Serdar Denktaş bu projelere bir şey daha eklemiştir ki, bugüne kadar kimsenin duymadığı veya düşünmediği bir şeyi atmıştır ortaya. O da eski tren stasyonu binasının bir müzeye dönüştürülme projesidir. Gerçekten bugüne kadar devletin bir müzesi olmamıştır. Bunun gerçekleşmesi demek, Lefkoşa’ya bir anlam ve bir zenginlik katmak olacaktır bence.
Bu basın toplantısının “bomba hareketi” ise, Serdar Denktaş’ın Kemal Deniz Dana’ya açık destek vereceklerini açıklamasıydı. Bu haberi gözlerimizin önüne sererken, Dana’dan takım ruhuyla çalışacağına dair söz almış, o da o sözü vemiştir.
Kemal Derviş Dana’nın konuşmasından sonra duvardaki ekrana tüm Belediye Meclis Üyesi adaylarının resimleri geldi ve tek tek ayağa kalkarak kendilerini tanıttılar. Bu takdim de şekil itibariyle ilginçti.
Yazımın başında ifade ettiğim görüş bu durumda pekişmiş oldu. DP-UG bütün gücü ile Dana’ay destek vermesi demek, Dana’nın şansını artırmak demektir. Tabii ki aynı gün öğleden sonra da UBP Genel Başkanı Hüseyin Özgürgün’ün basın toplantısı ile Dana’ya yeniden destek beyan etmesi ve halktan oy talebinde bulunması, Dana’nın bu sınavı geçmesine büyük bir artı avantaj katmıştır.

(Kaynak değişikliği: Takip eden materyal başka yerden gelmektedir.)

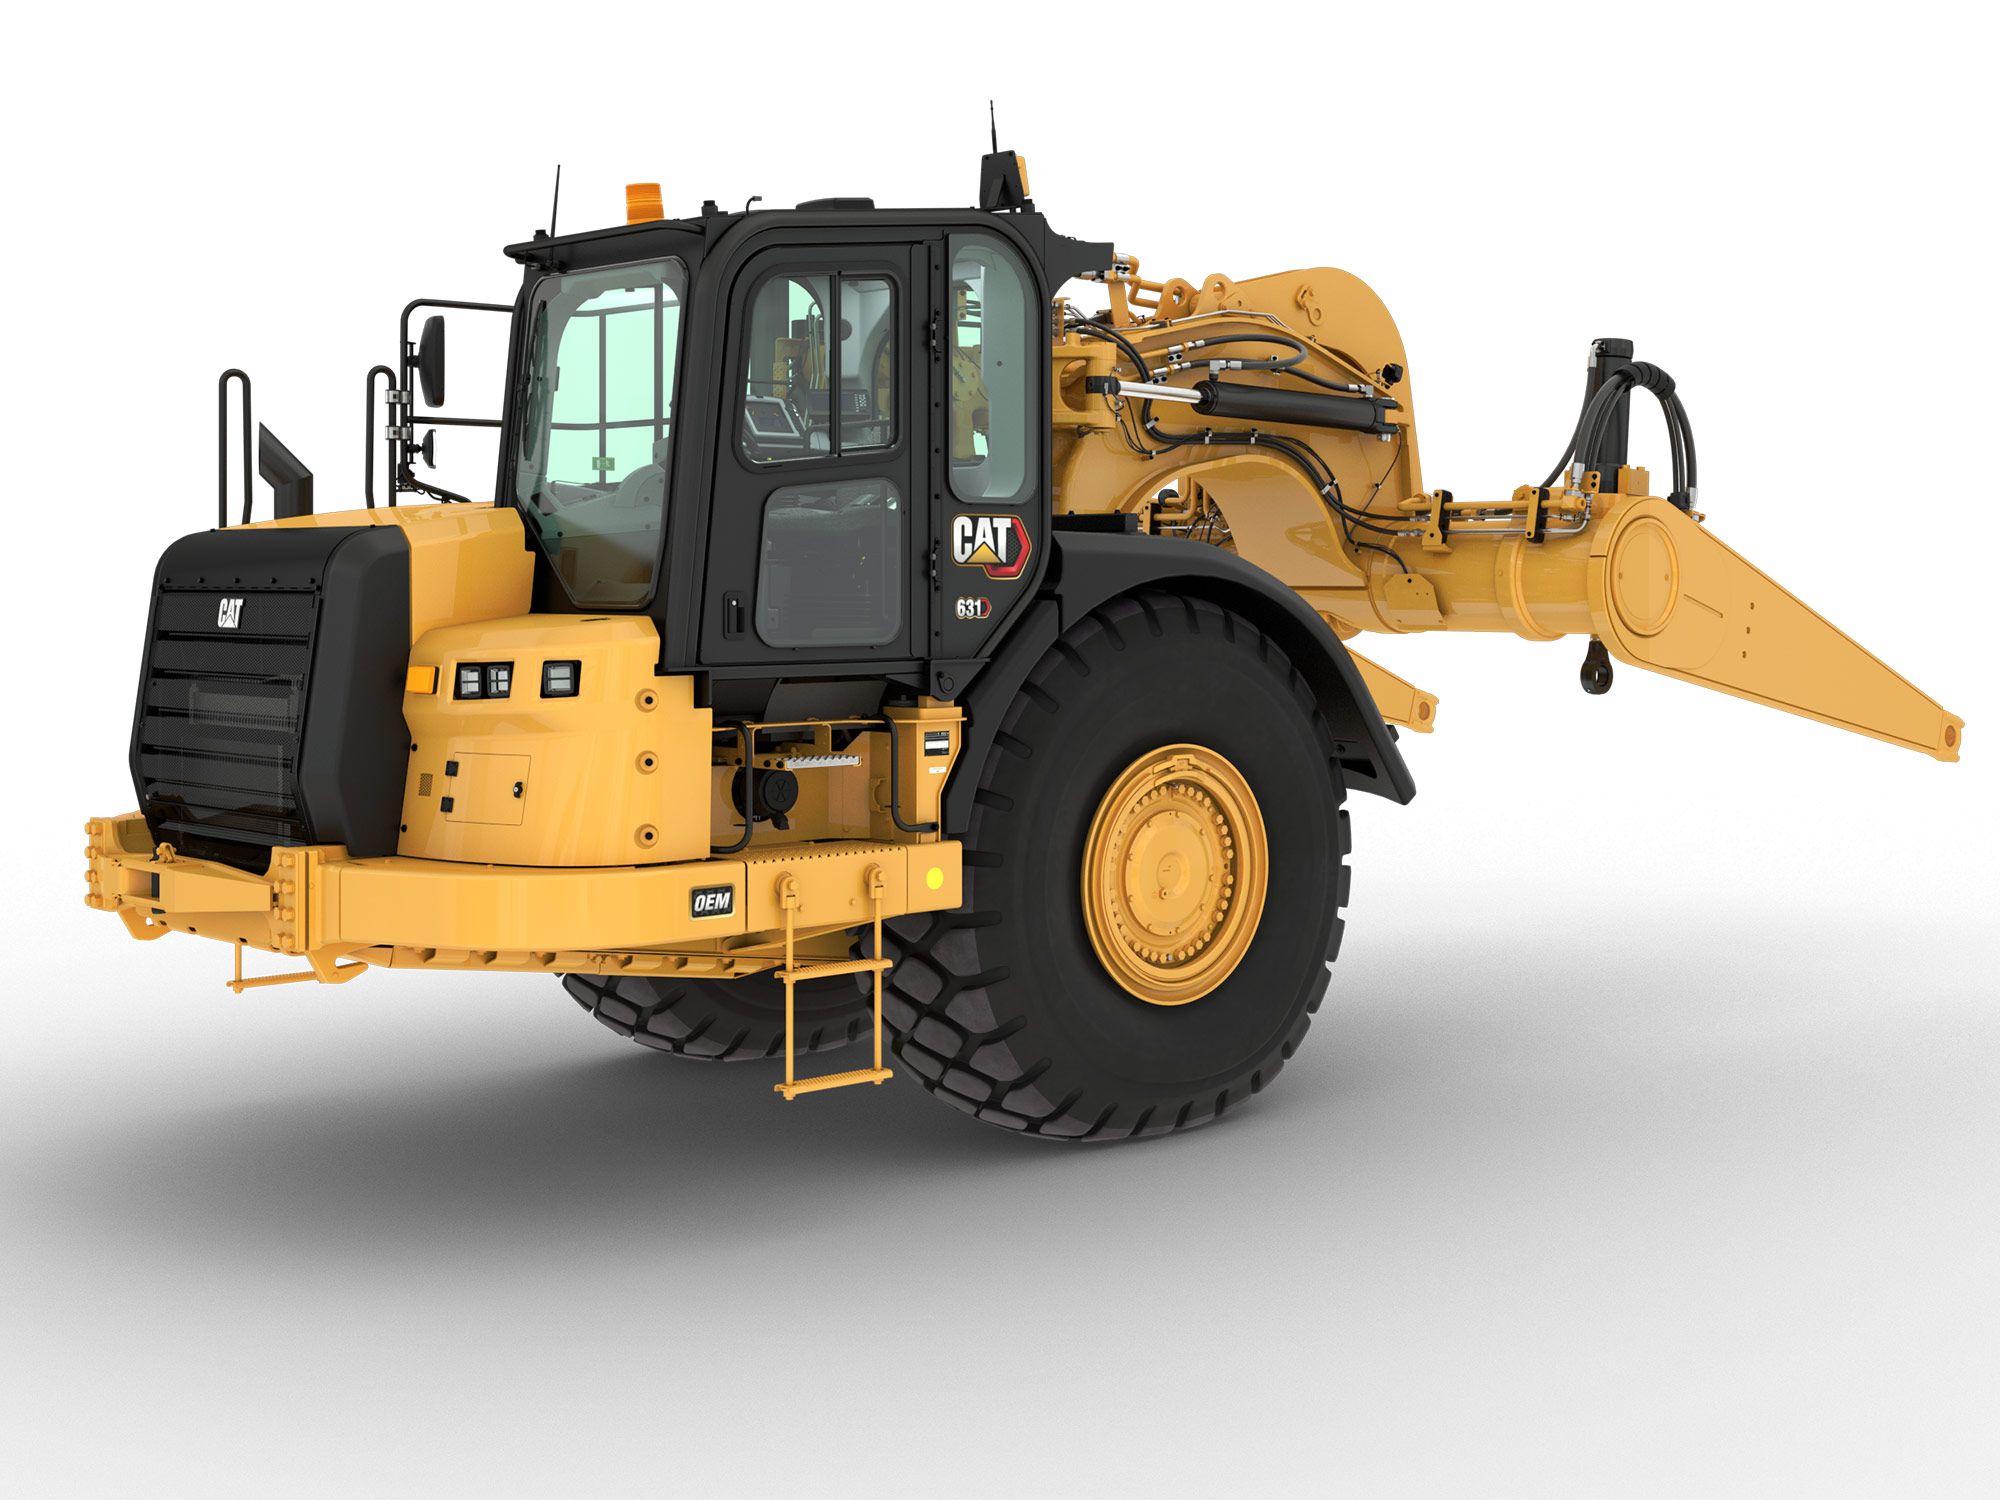 Cat 631 partial wheel tractor scraper | Cat | Caterpillar

Mesela UBP ile DP-UG’ün belediye meclis adayları güç birliği yaparlarsa, belediye meclis üyeliklerinin çoğuna sahip olabileceklerdir. Her zaman vurgu yaptığım bir şey vardır. İnsanlar genellikle, adayların karizmalarına ve toplumdaki duruşlarına bakarlar. Mensup oldukları partileri bir avantaj olsa da, kendi toplum duruşuları daha bir etki yaratır elbette. Yani bu seçimlerde kişinin toplumdaki imajı büyük rol oynar. Bekleyip göreceğiz.
Haydi dişinizi sıkın... Şunun şurasında beş gün kaldı seçimlerin bitmesine.